They could also mean the early, hot universe vs. today. In those hyper-dense conditions, it's possible that something like nucleonic matter could form the complex patterns of life and intelligence, which would proceed many orders of magnitude faster than our own chemical reaction based life and intelligence. (See Robert Forward's "Starquake" books about life on the surface of a neutron star. Those creatures would experience time at millions of times the speed we do.)

Entire eons of civilizations could have arisen and disappeared, with their own "heat death" of the universe from their perspective. At some point, the universe would expand and cool to the point that the form of matter required for their existence would generally cease to exist, destroying everything from their civilization, utterly and completely.

In Roger Penrose's Conformal cyclic cosmology, another universe could arise after the heat death of our own, just at a different scale in time and space, where the cold, thin, red-shifted to oblivion photons left over from our universe would comprise a Big Bang in a far slower, cooler, and vaster universe.

https://en.wikipedia.org/wiki/Conformal_cyclic_cosmology


More like the extremely hot early universe, e.g., before the universe became transparent to the cosmic background radiation (<1M years after the Big Bang).


> before the universe became transparent to the cosmic background radiation (<1M years after the Big Bang)

There were millions of years when the universe was transparent and room temperature [1].

[1] https://www.cambridge.org/core/journals/international-journa...


Room temperature does not mean safe for carbon life, I'm sure at a far enough distance from a nuclear reactor's core there's "room temperature".

But at that time, there must have been very few heavy elements so any life must have been "plasma life" and "room temperature" probably was very unpleasant for them.


Would this not apply today?


There are such systems. And we're in fact making a very feeble attempt to do exactly that. Right here. In this thread on HN.
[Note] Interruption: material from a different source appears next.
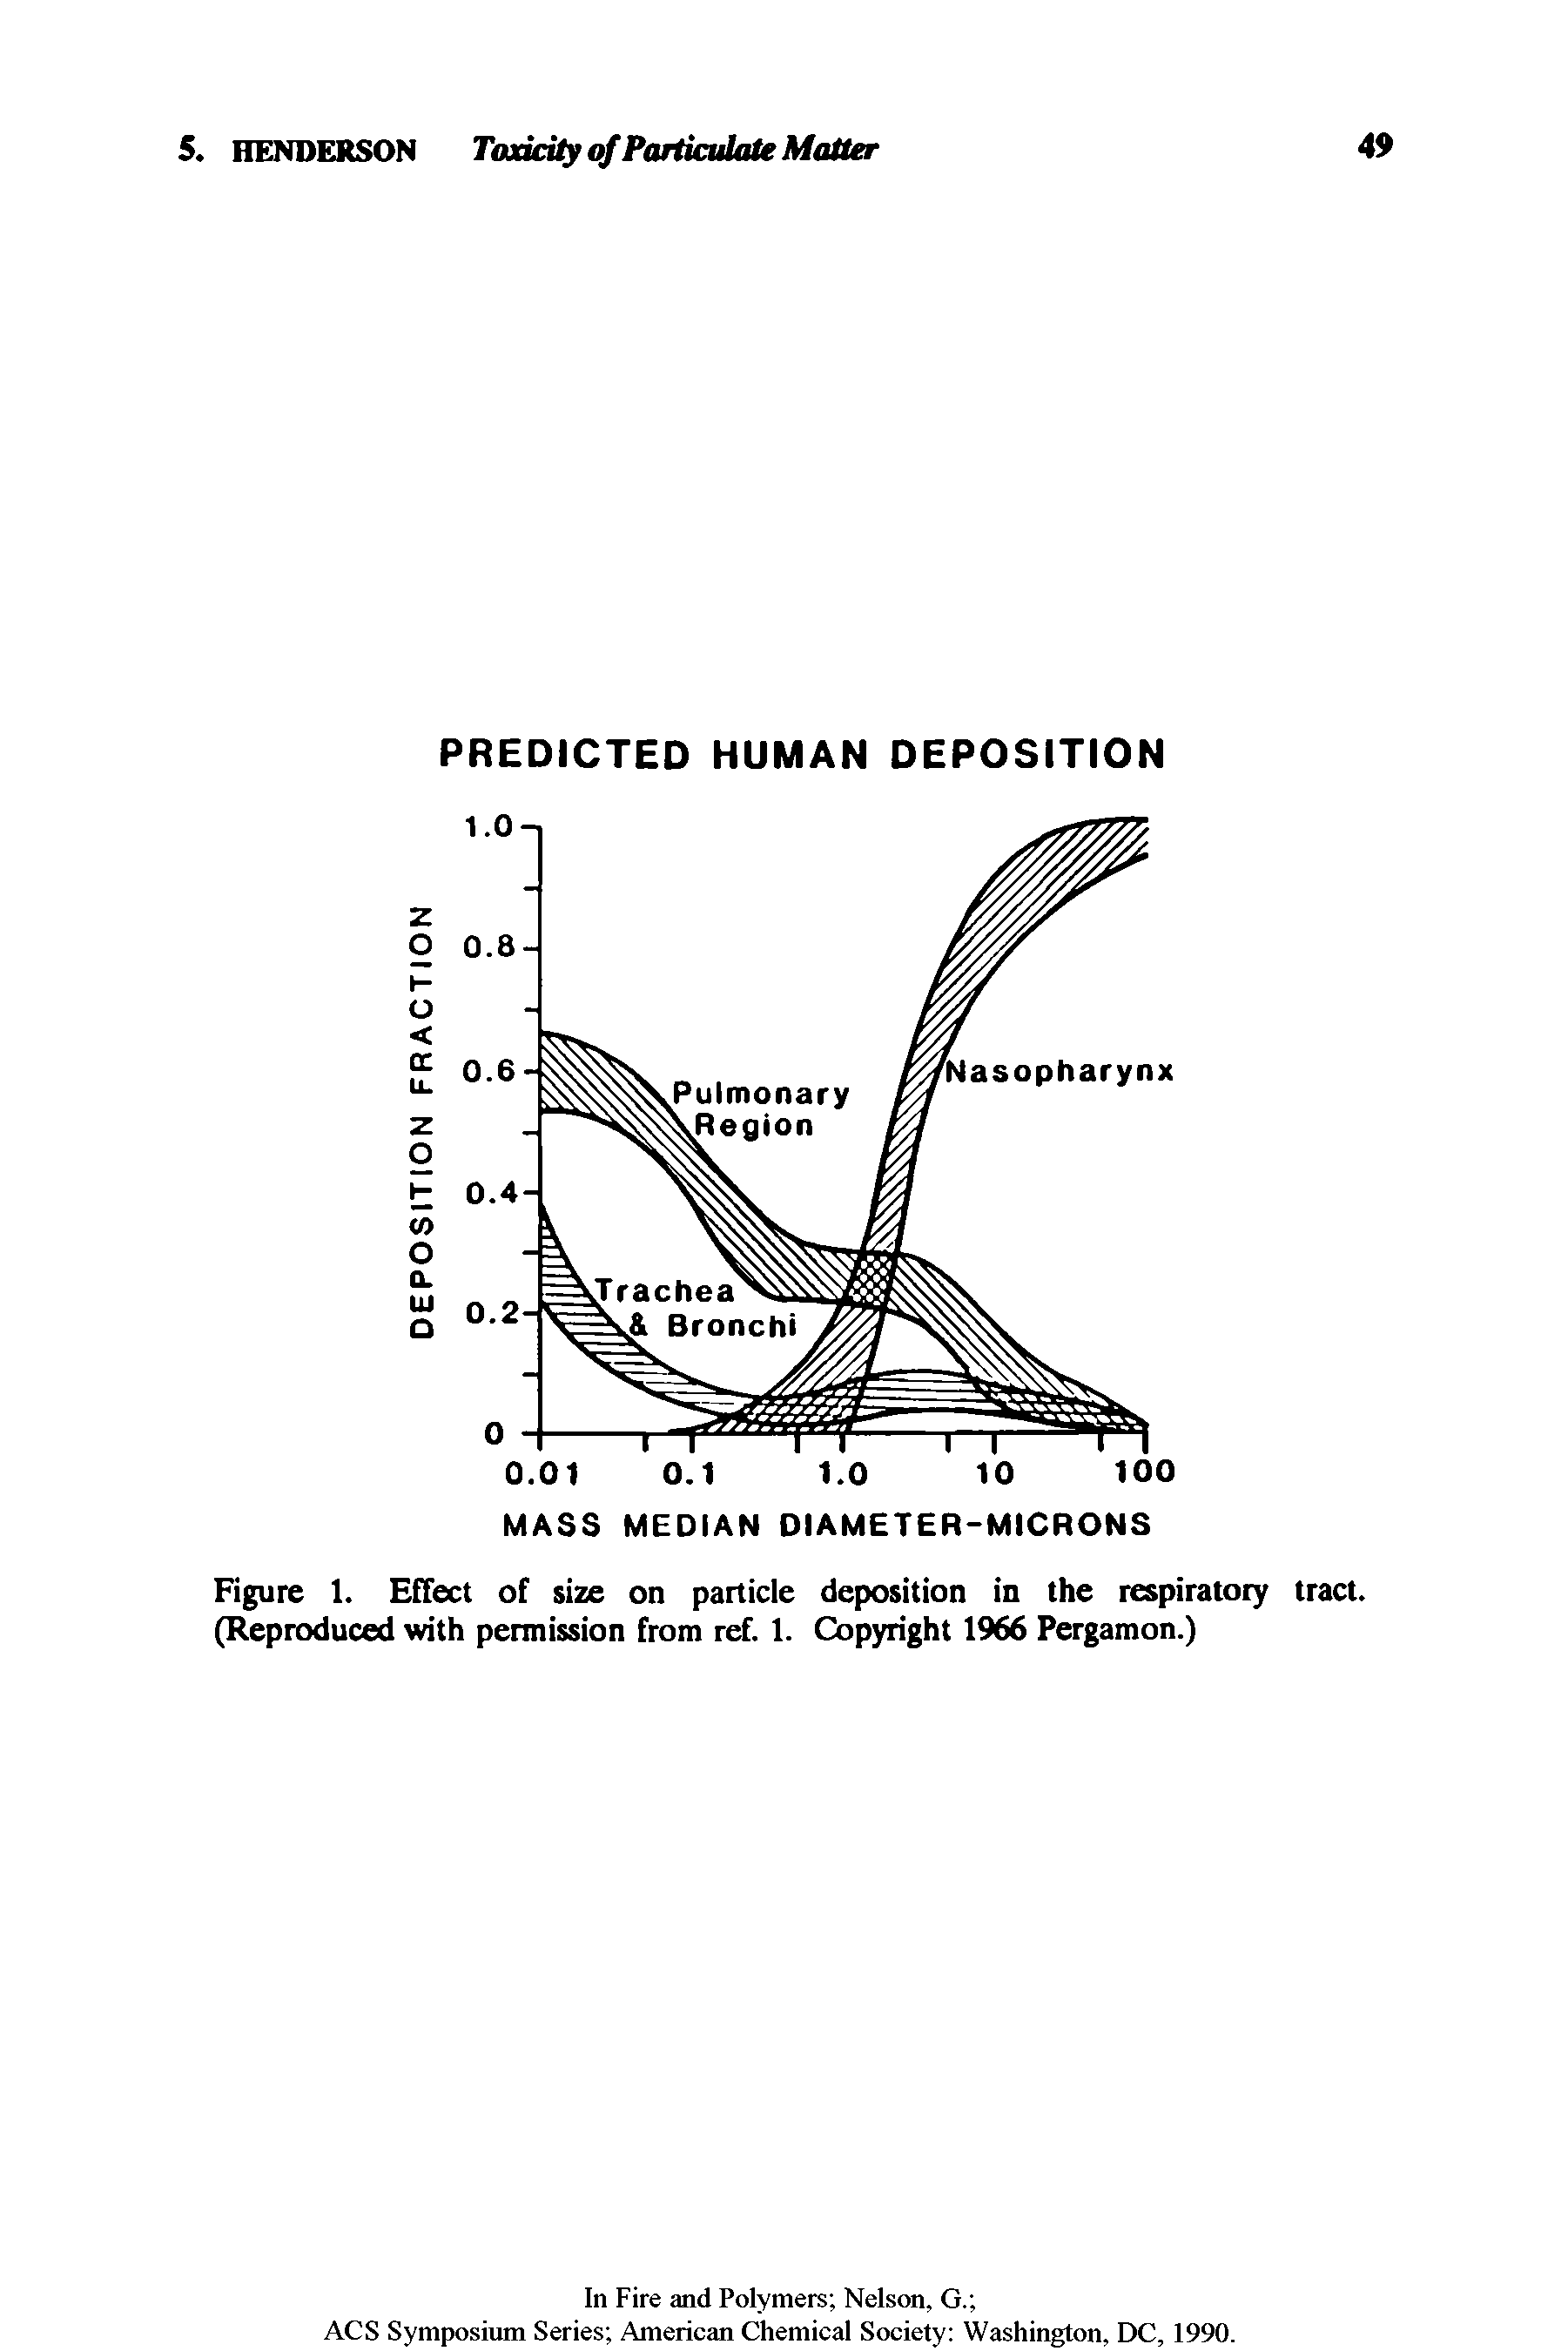 Figure 1. Effect of size on particle deposition in the respiratory tract. (Reproduced with permission from ref. 1. Copyright 1966 Pergamon.)...
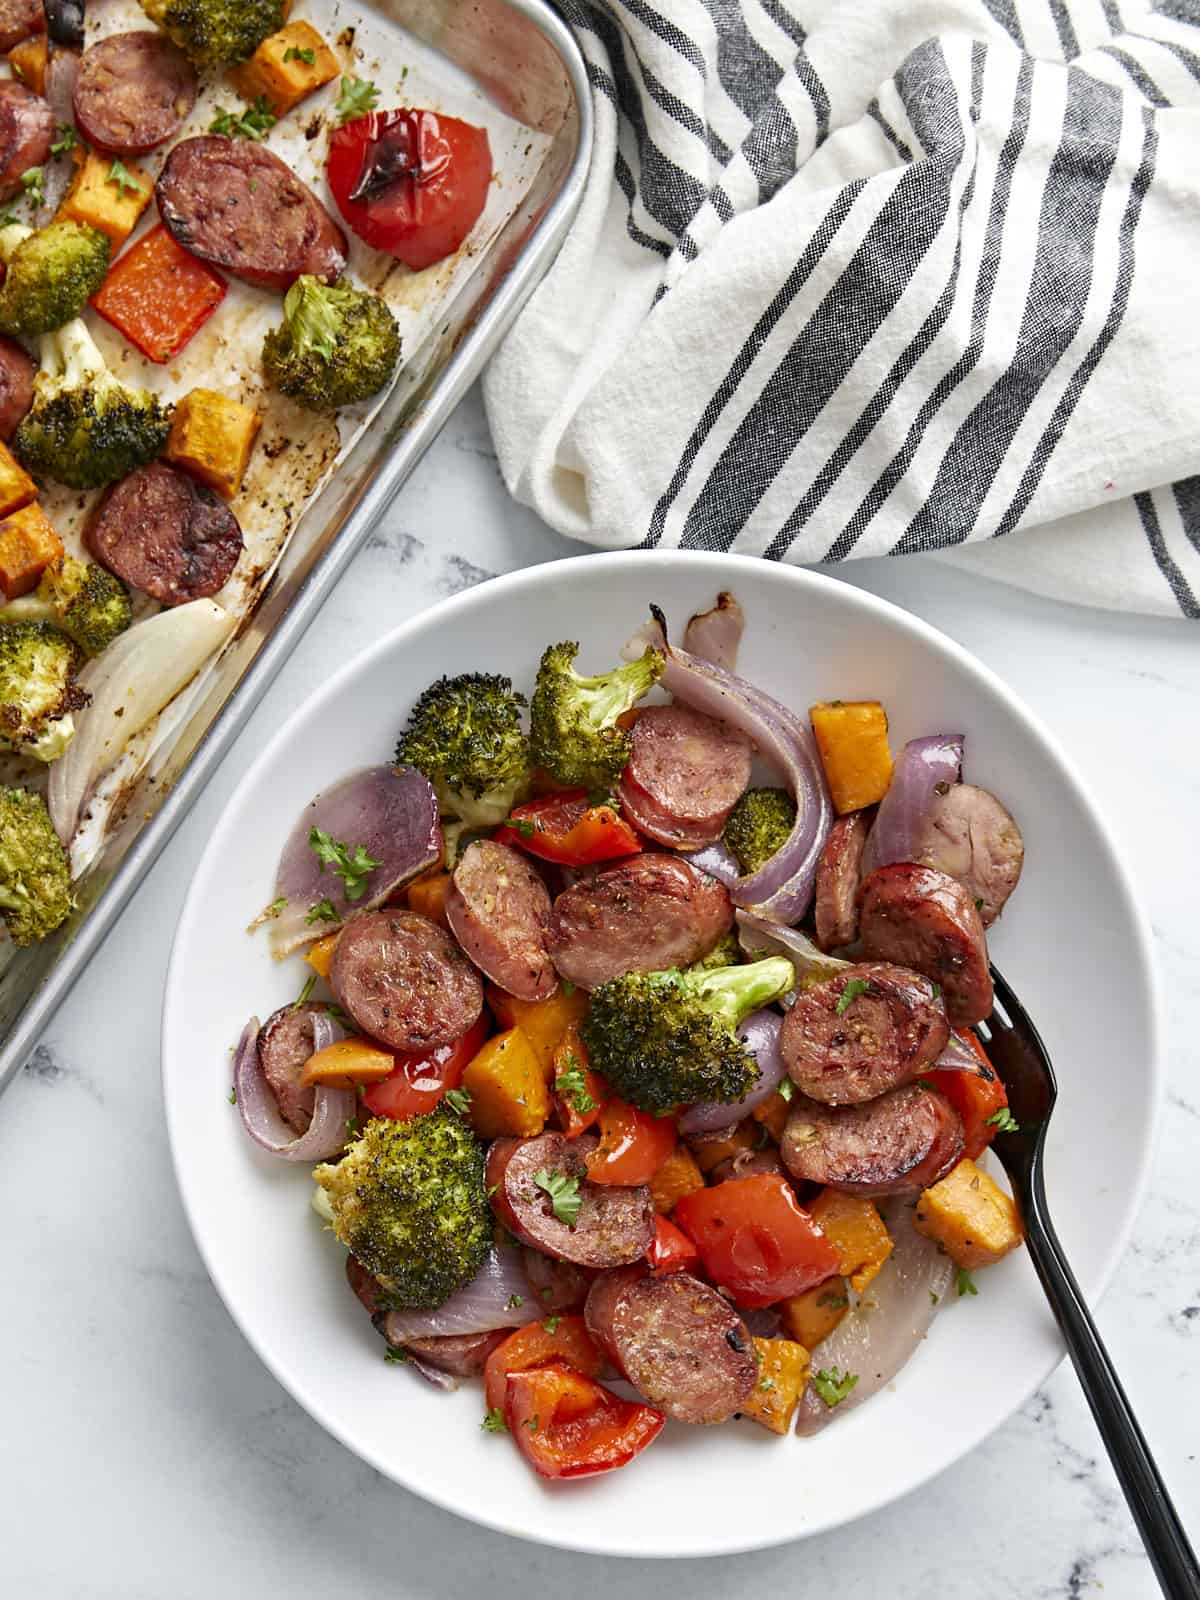 One serving of sheet pan chicken sausage and vegetables on a white plate with a black fork on the side.

I don't think you're alone with these thoughts. The absence of evidence of other sentient beings (Fermi paradox IIRC) is an input to the theoretical Great Filter.

EDIT: I misread what you wrote. It's not quite as related. But maybe only a little.


> A complementary strategy is to search for technological signals from early distant civilizations that harnessed enough energy to make them detectable across the vast cosmic scale.

> Communication signals are not expected to be detectable across the universe, because the signal travel time would require billions of years in each direction and no participant would be patient enough to engage in such a slow exchange of information.

So effectively what we could search for is energy pollution from construction and transportation operations. Although it seems obvious in retrospect, it never occurred to me that intentional communication signals would not have the appropriate characteristics to be detectable across vast distances of space and time.


I feel a lot of our ideas are no longer valid is the other species has biological immortality.

Then travel time to another star doesnt require antimatter, it just needs a long nap


Not as likely, but still fun to speculate about is biological life being a transitory phenomena as Paul Davies (of SETI) postulates. Once you've become a machine civilization (either we build them or upload ourselves and become them), travel at lightspeed becomes possible and so do all kinds of nifty ideas.


Or just send instructions to them and wait comfortably at home for them to come to you. Like "Contact."


Yeah, what we're looking for is the Hawking radiation from the carefully exploding miniature black holes that the aliens use to propel their ships.


Wouldn't the signal travel time of energy pollution be the speed of light? Certainly faster than the speed of sound, but still geological timescales.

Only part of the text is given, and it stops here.